**EXERCISE INSTRUCTIONS**
All of the listing below must be repeated word for word. Pictures are the only thing to omit.

**STORED DATA**
* * * * *
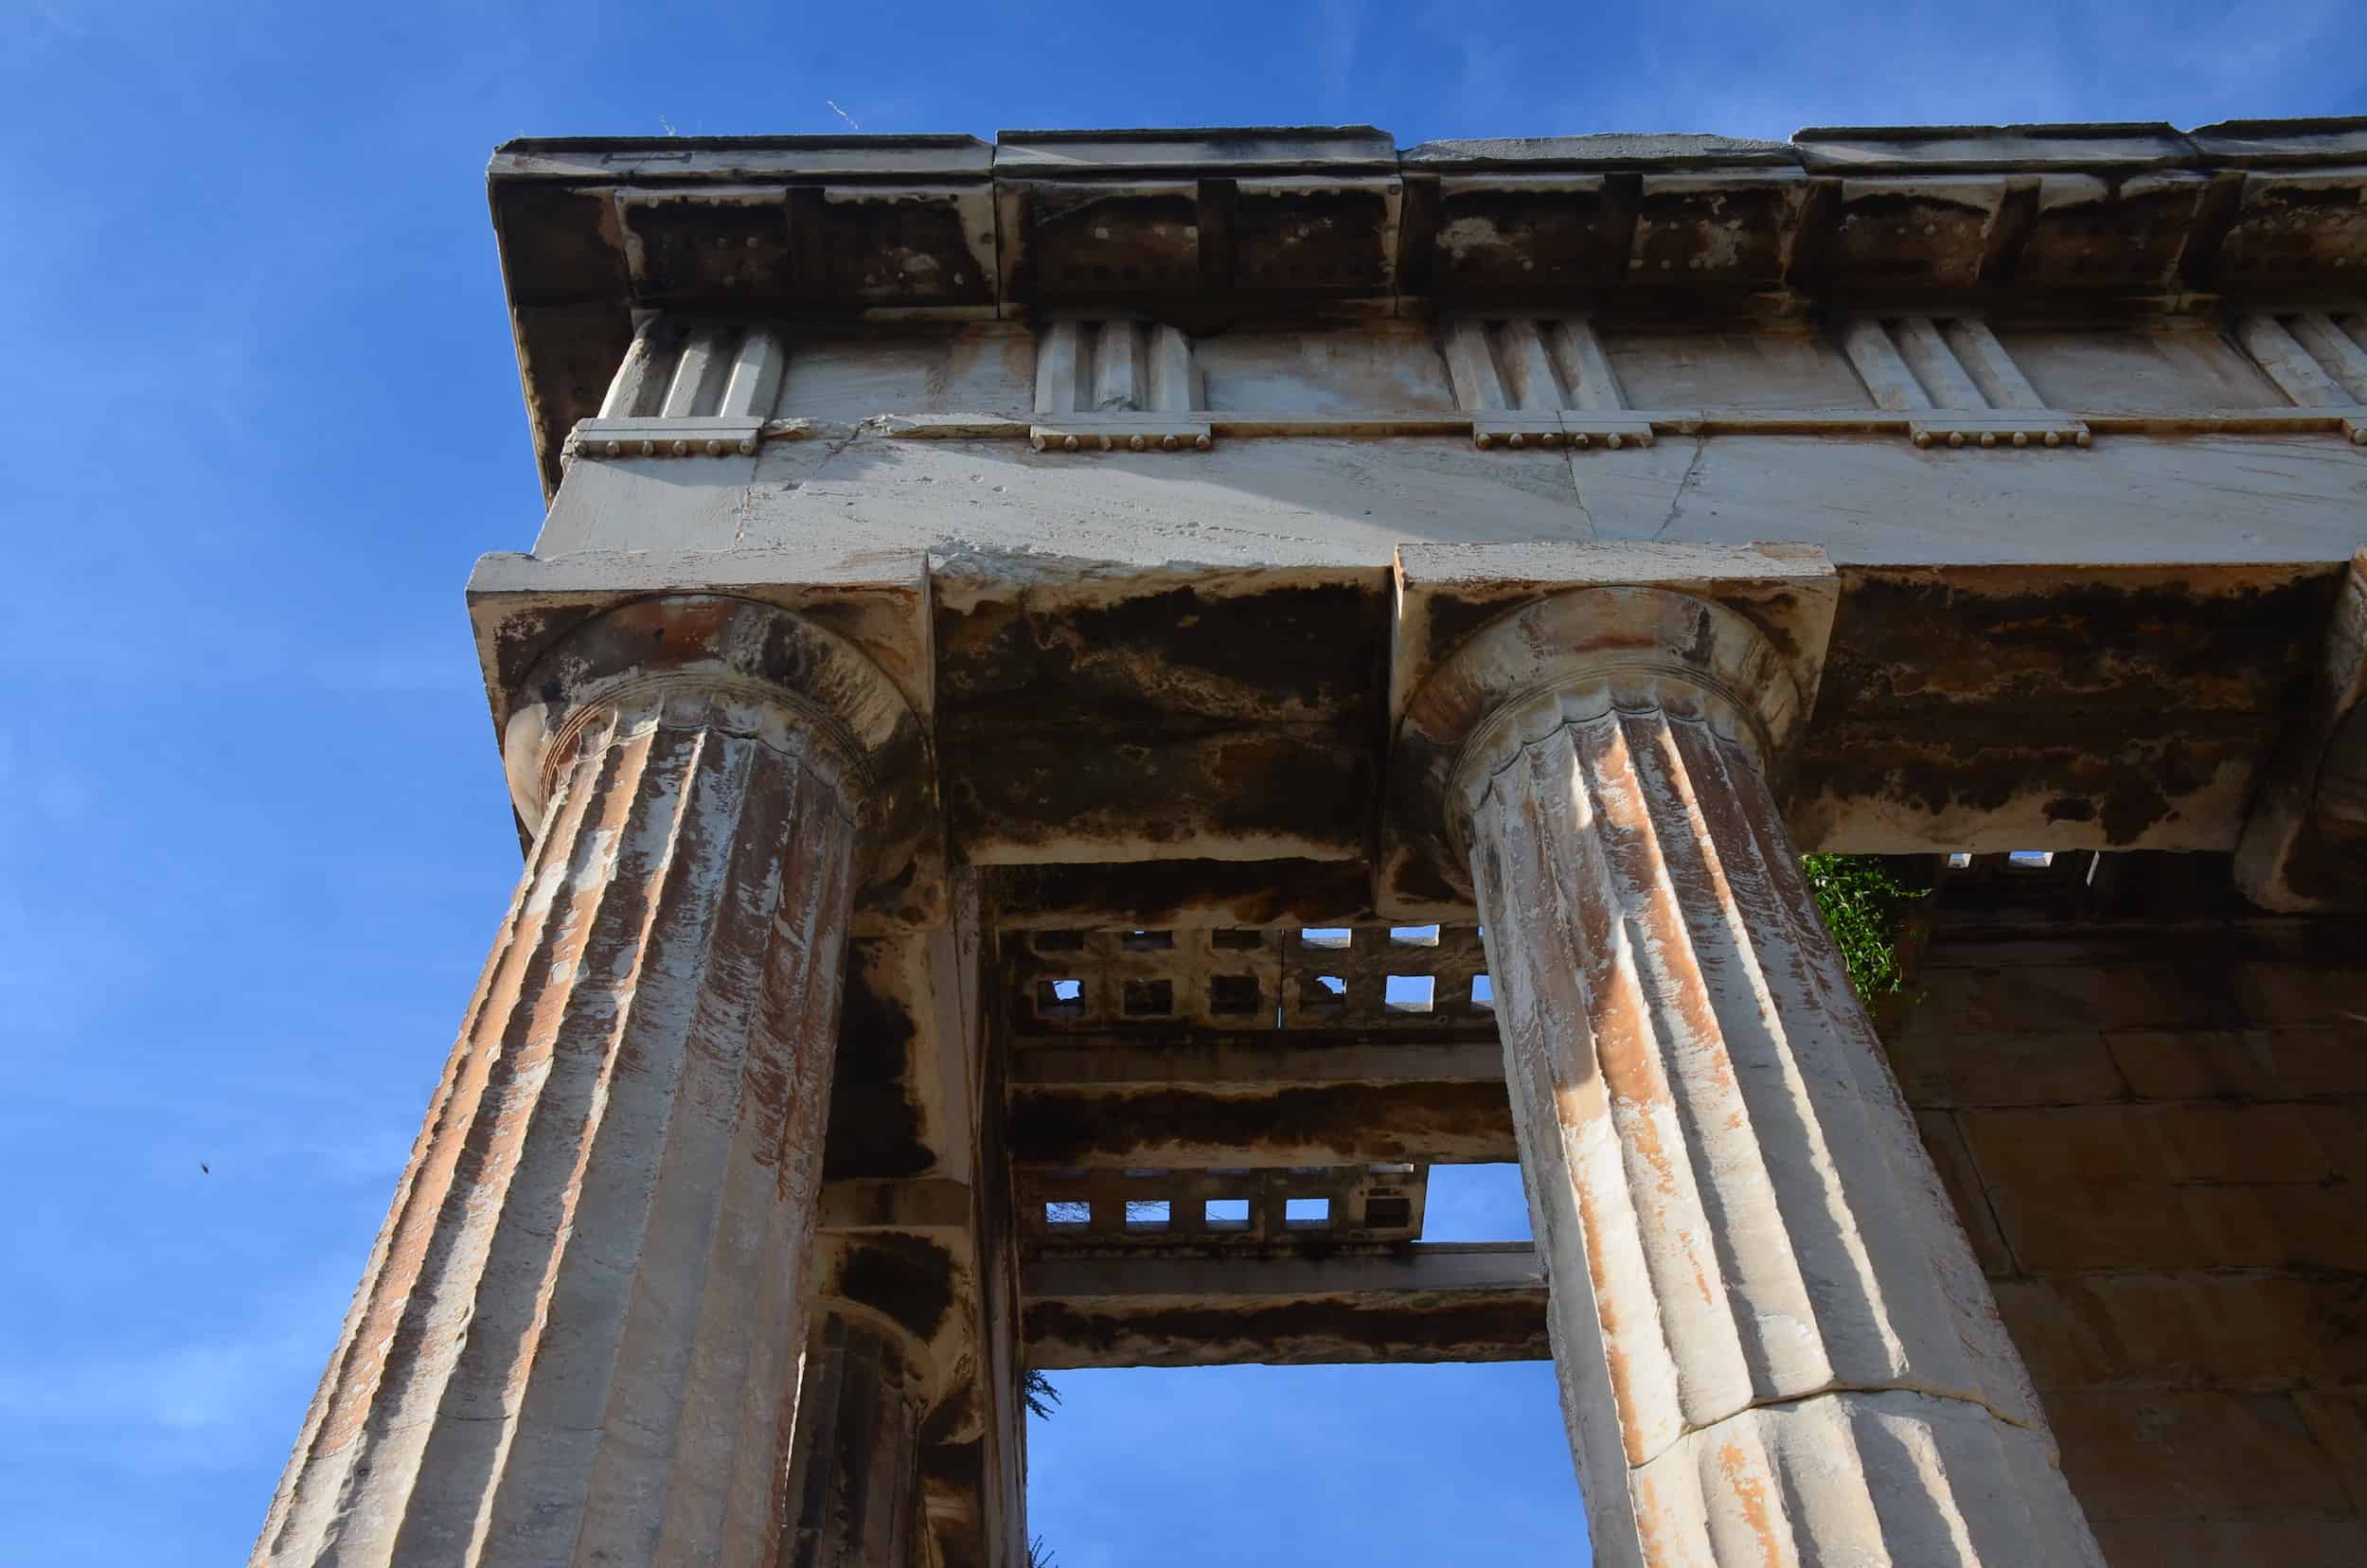 Northwest corner of the Temple of Hephaestus
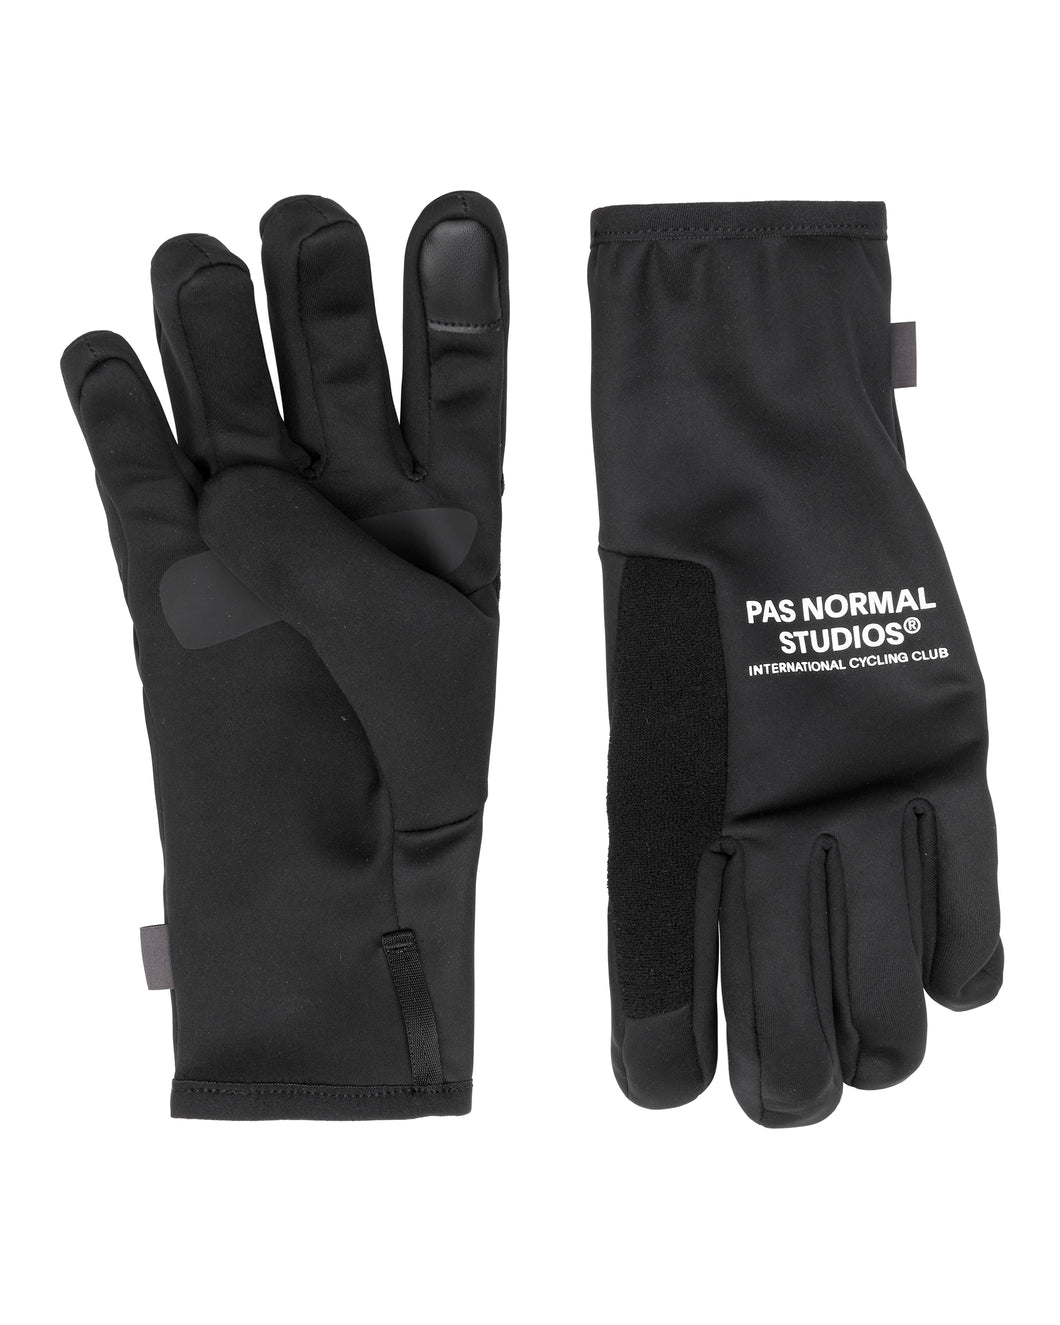 Pas Normal Studios - Logo Thermal Gloves - Black
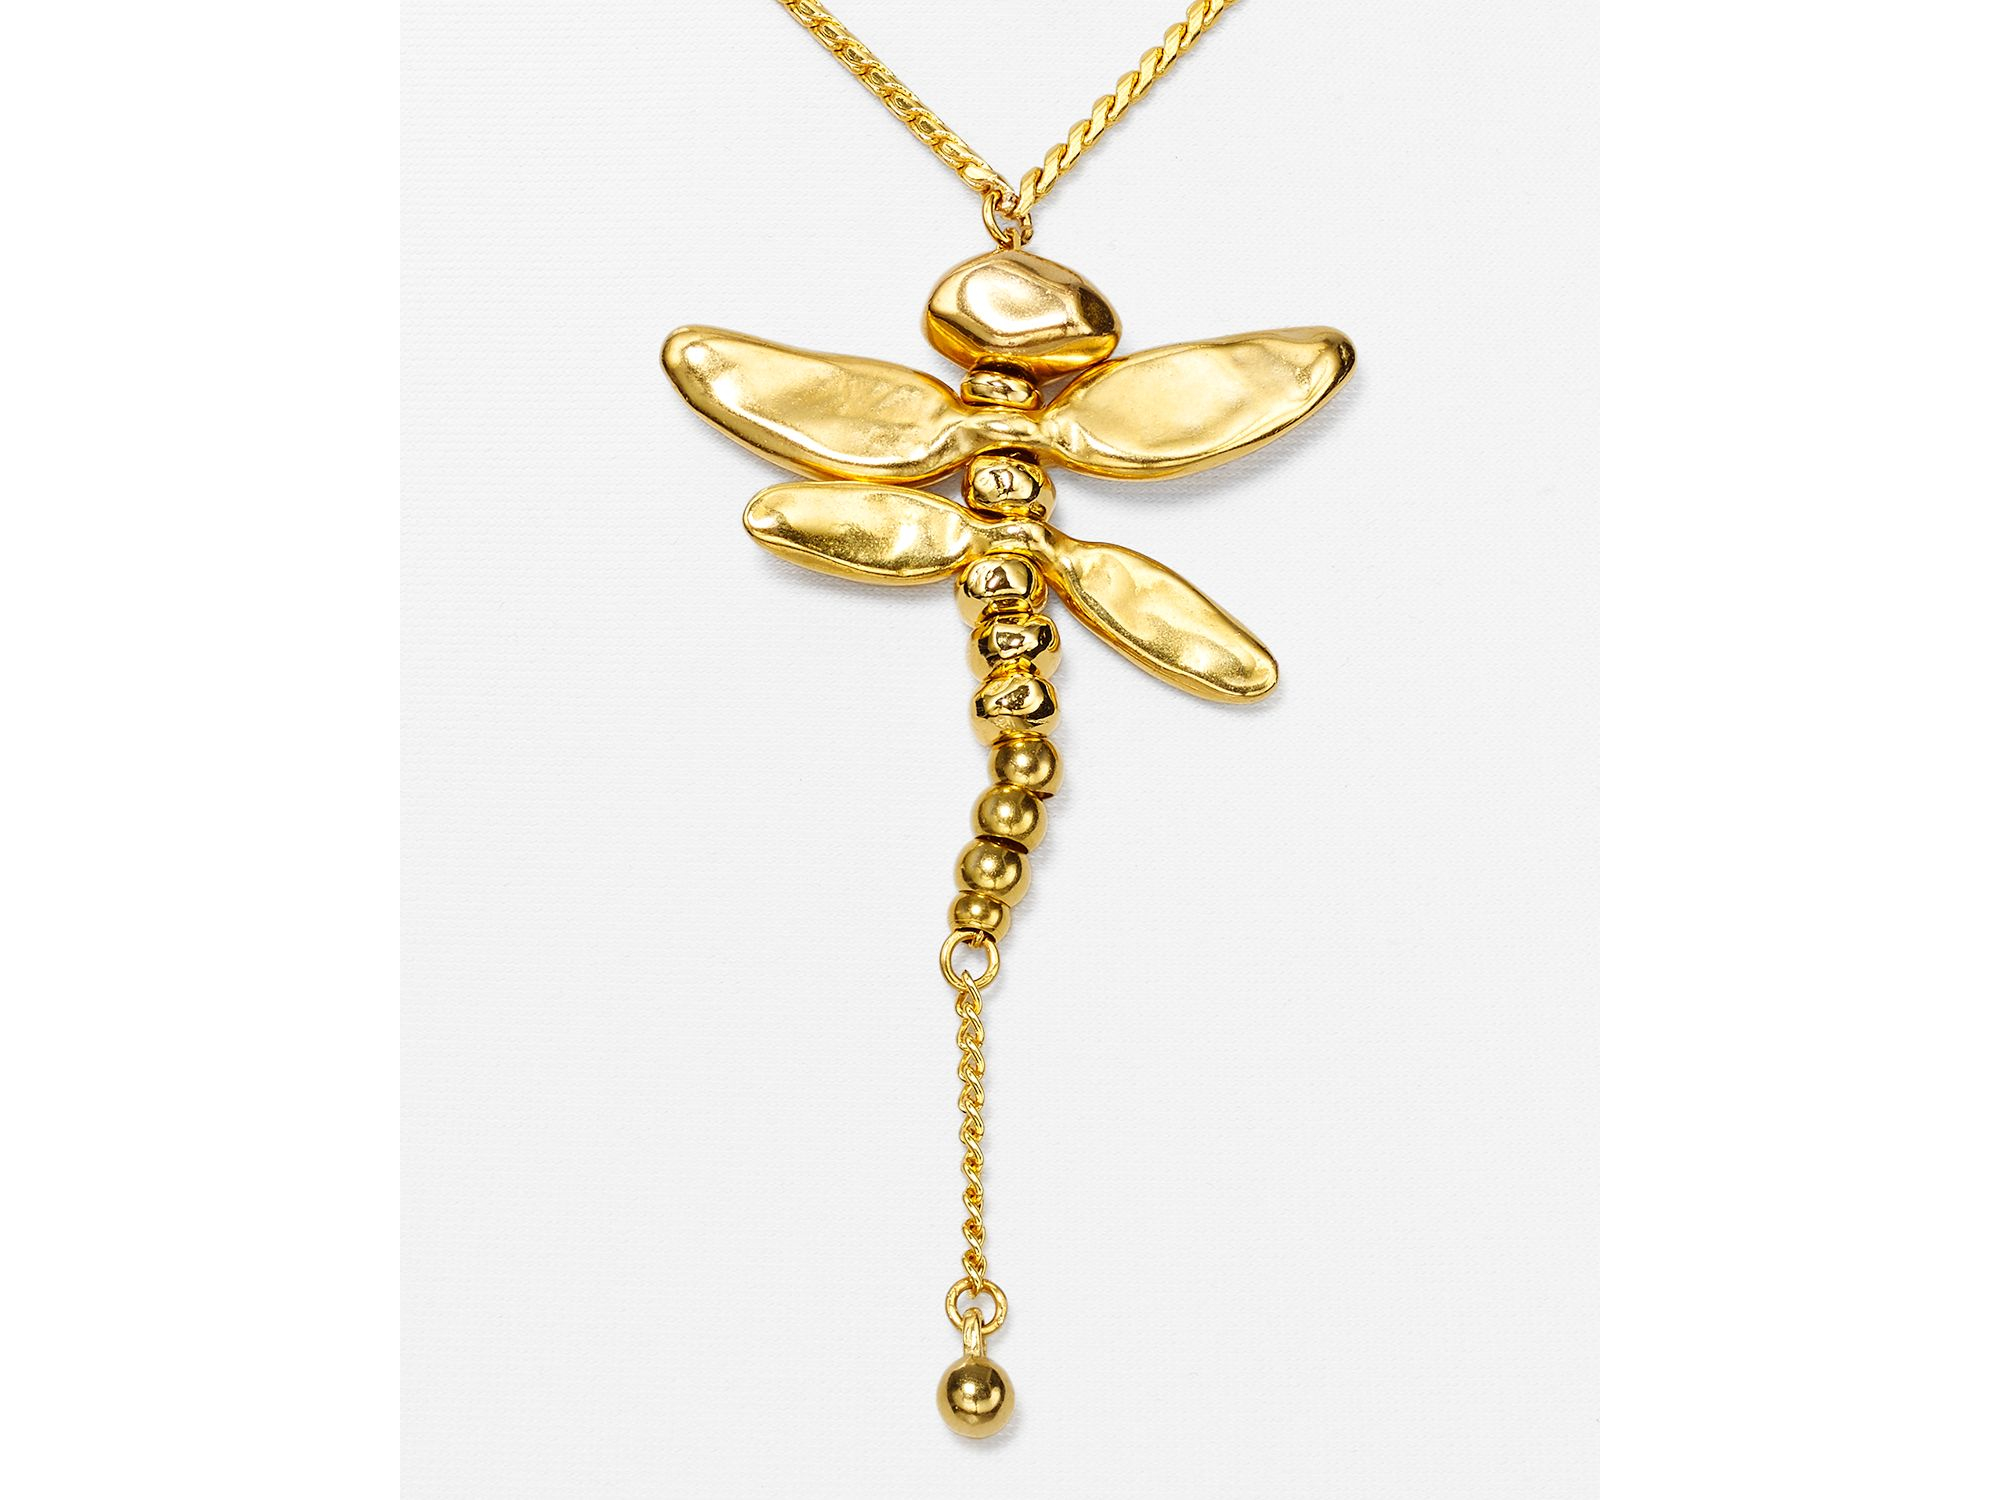 Uno De 50 Dragonfly Pendant Necklace, 17" in Metallic - Lyst
* * * * *
**SOLVED EXERCISE**
 Northwest corner of the Temple of Hephaestus
 Pas Normal Studios - Logo Thermal Gloves - Black
 Uno De 50 Dragonfly Pendant Necklace, 17" in Metallic - Lyst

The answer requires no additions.